Exercise details:
Reproduce every line of the material below exactly. No pictures belong in the copy.

Input data:
=-=-=

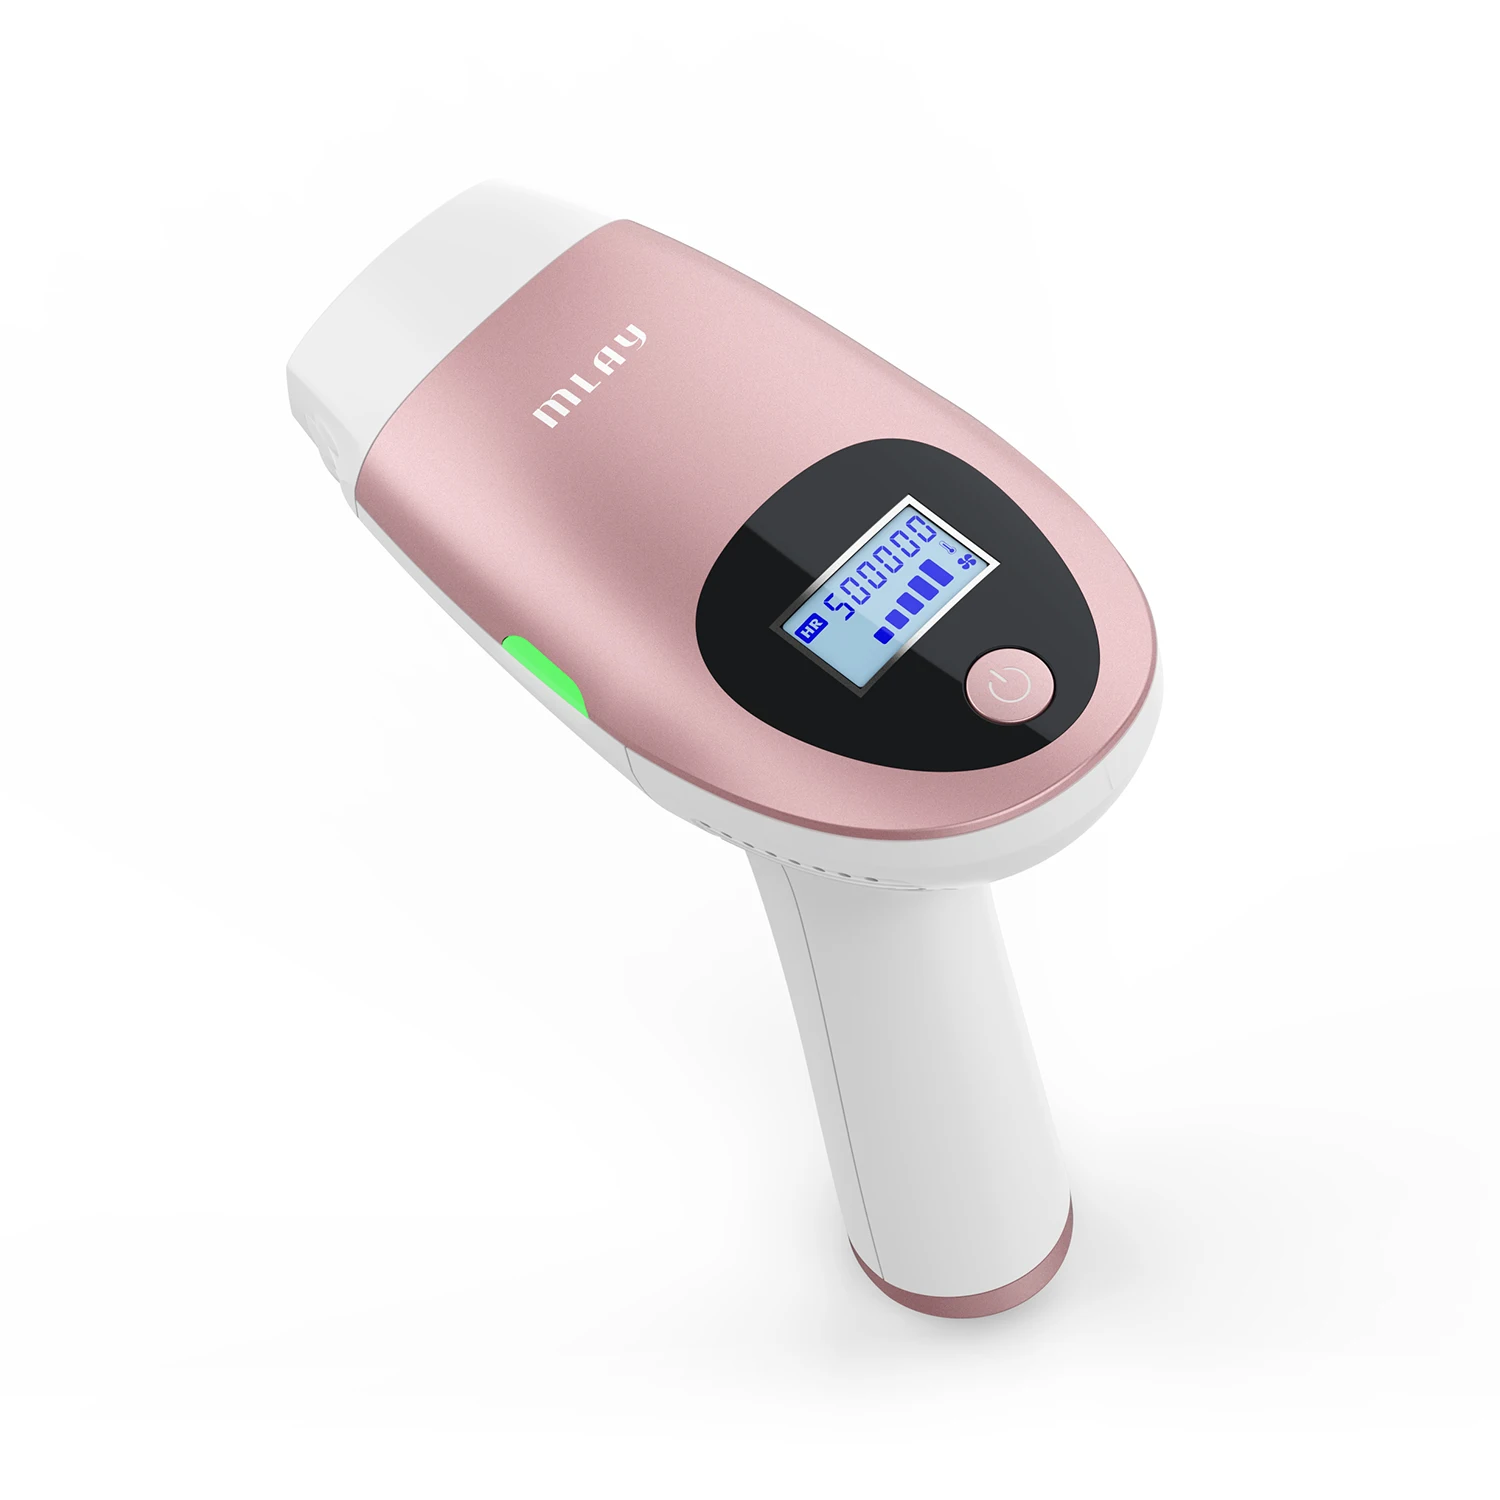 MLAY T3 Handheld IPL Hair removal device Portable home use professional triple functions hair removal machine
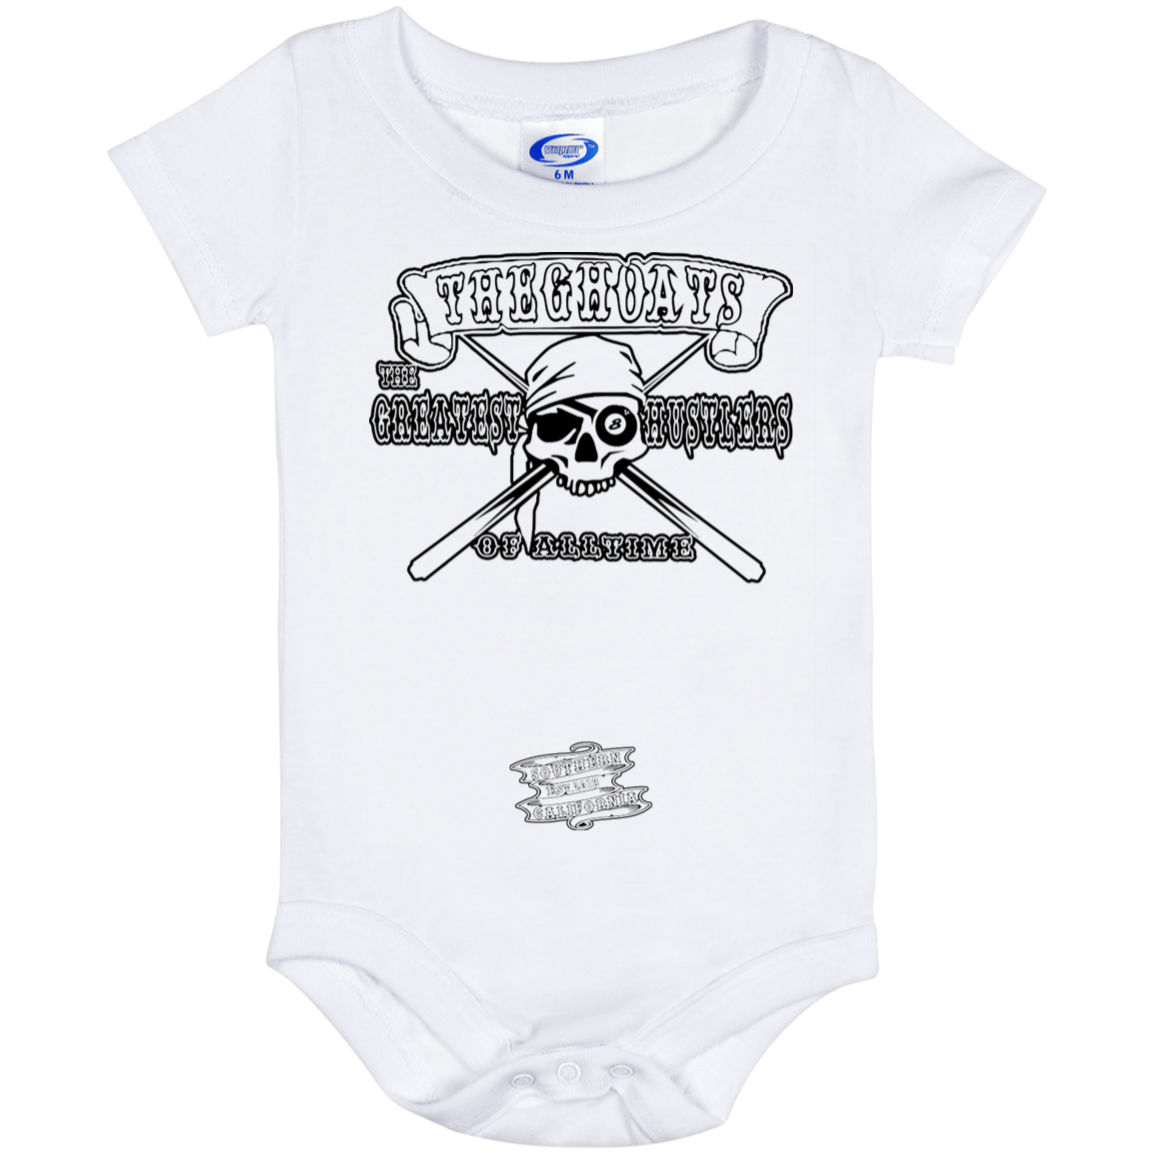 The GHOATS Custom Design. #4 Motorcycle Club Style. Ver 2/2. Baby Onesie 6 Month
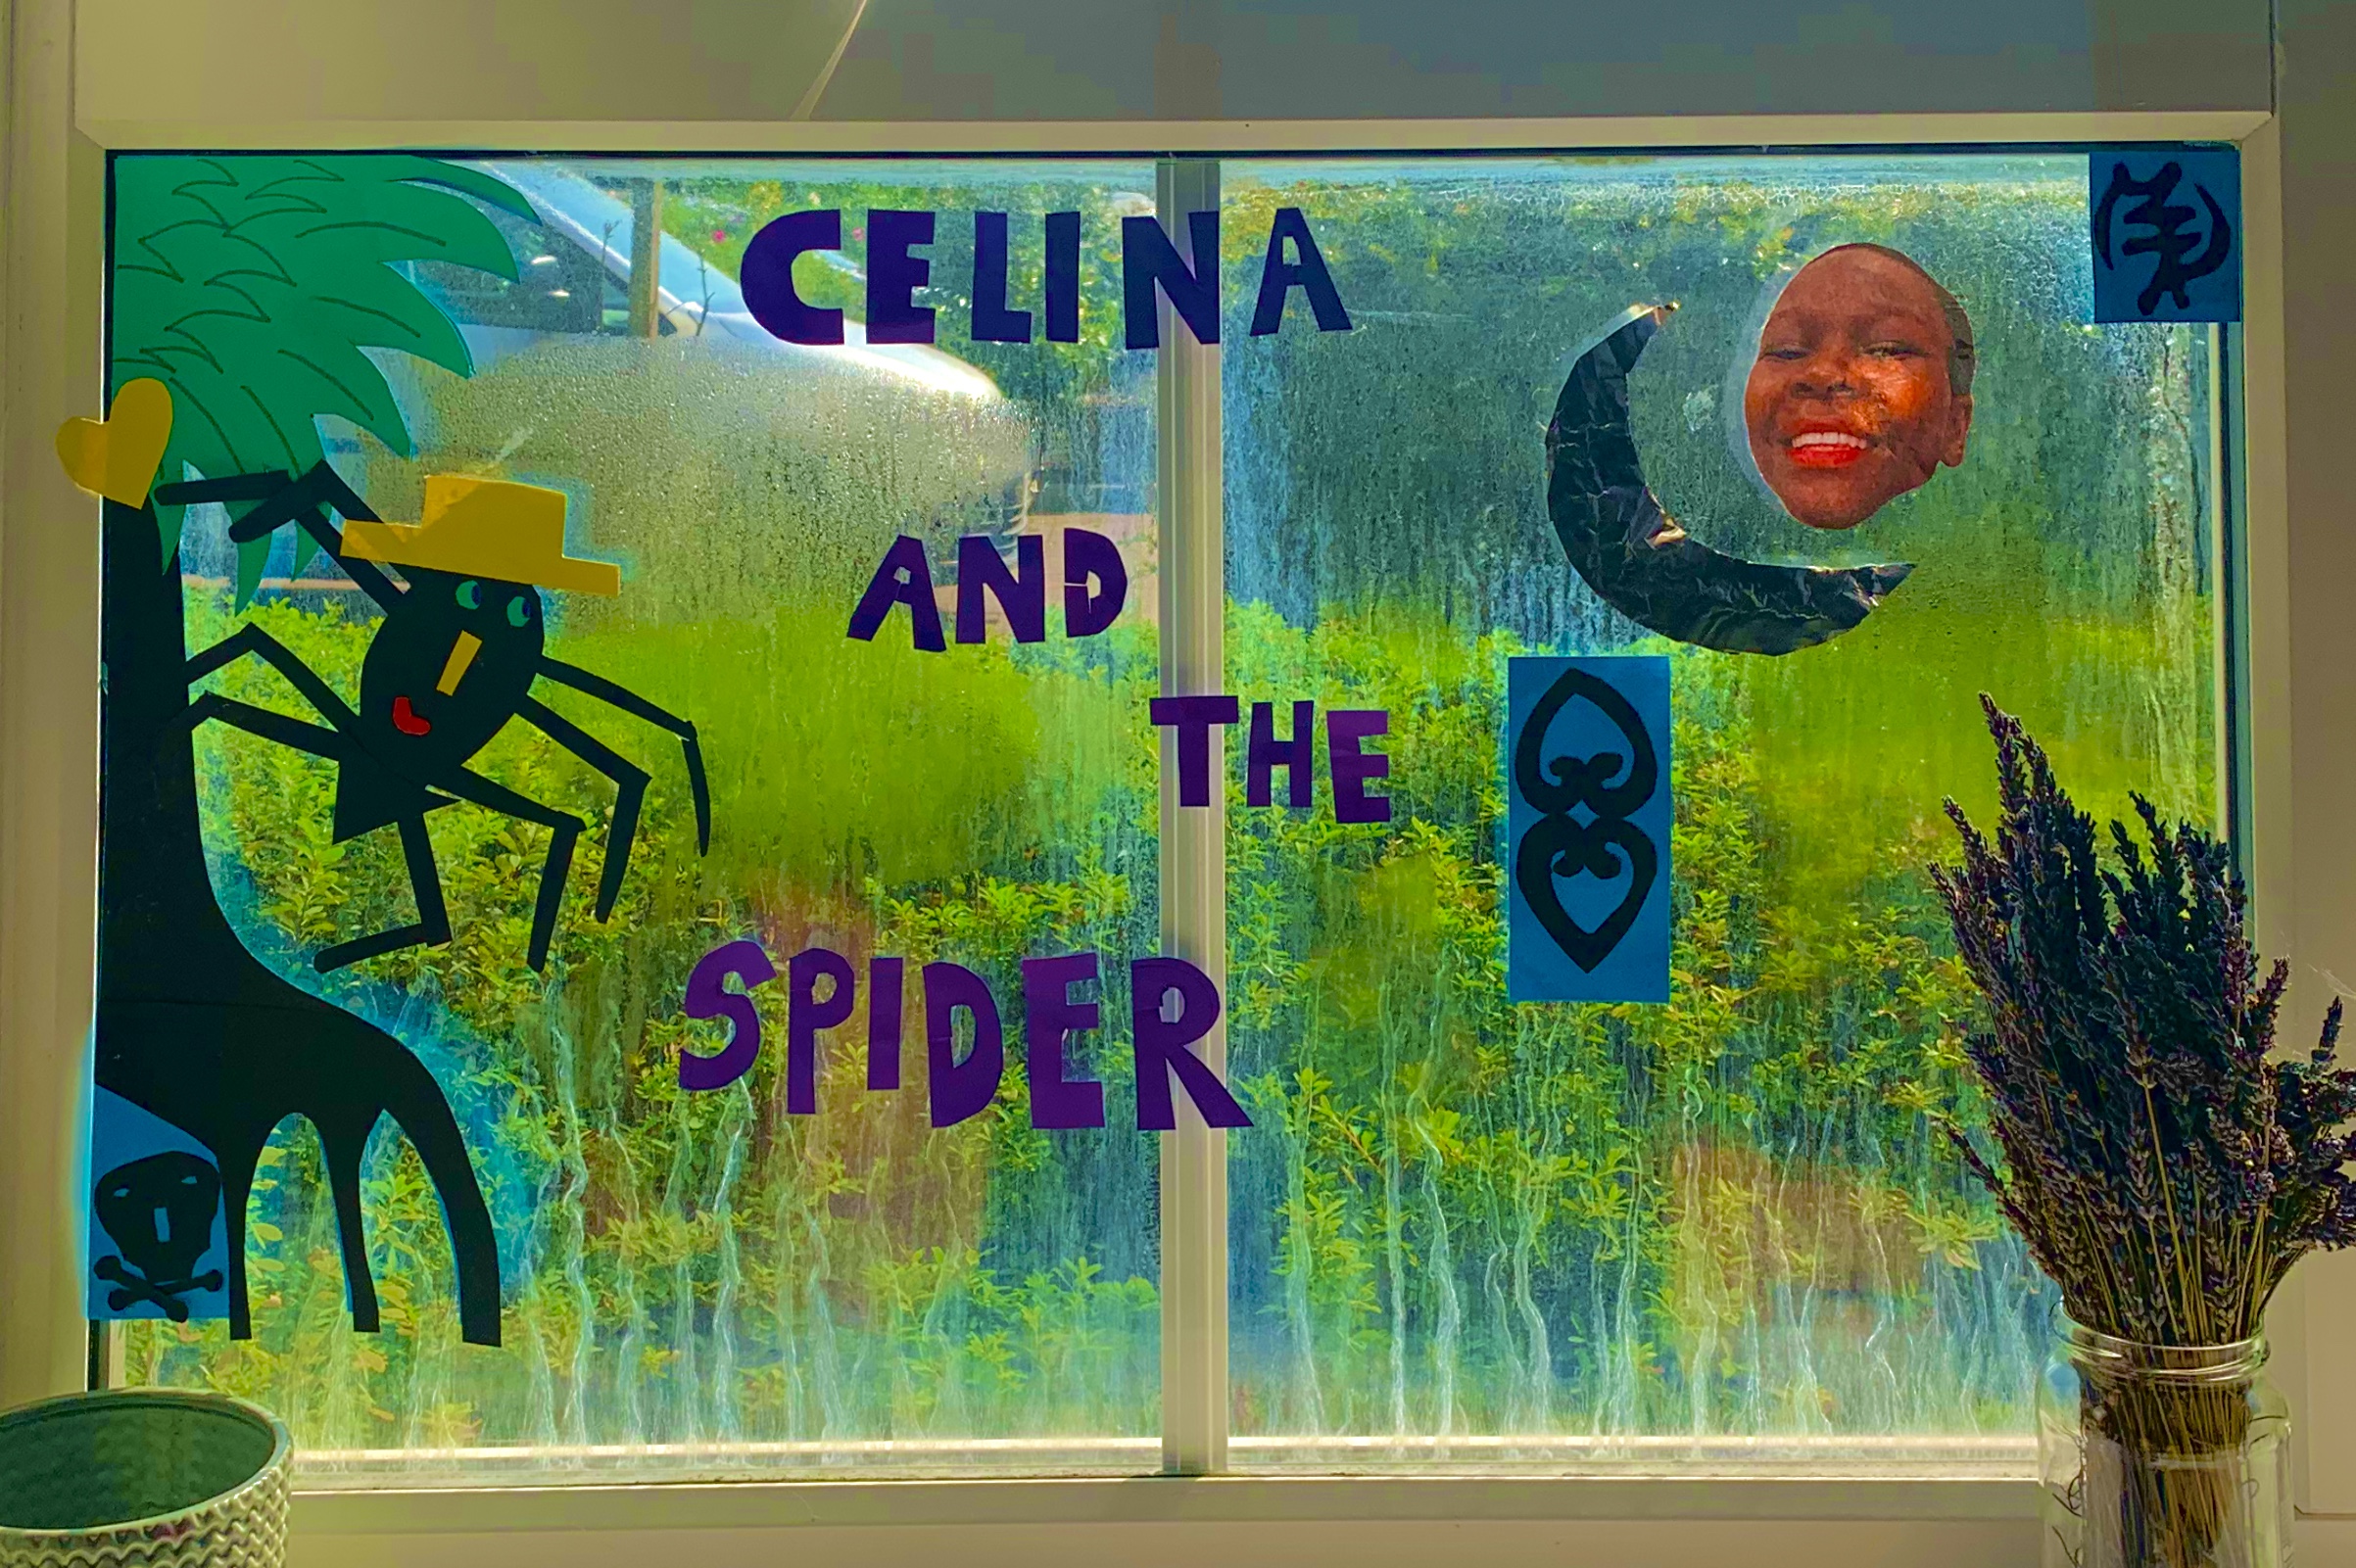 Celina and the Spider storytime session

=-=-=

Exercise response:
 MLAY T3 Handheld IPL Hair removal device Portable home use professional triple functions hair removal machine
 The GHOATS Custom Design. #4 Motorcycle Club Style. Ver 2/2. Baby Onesie 6 Month
 Celina and the Spider storytime session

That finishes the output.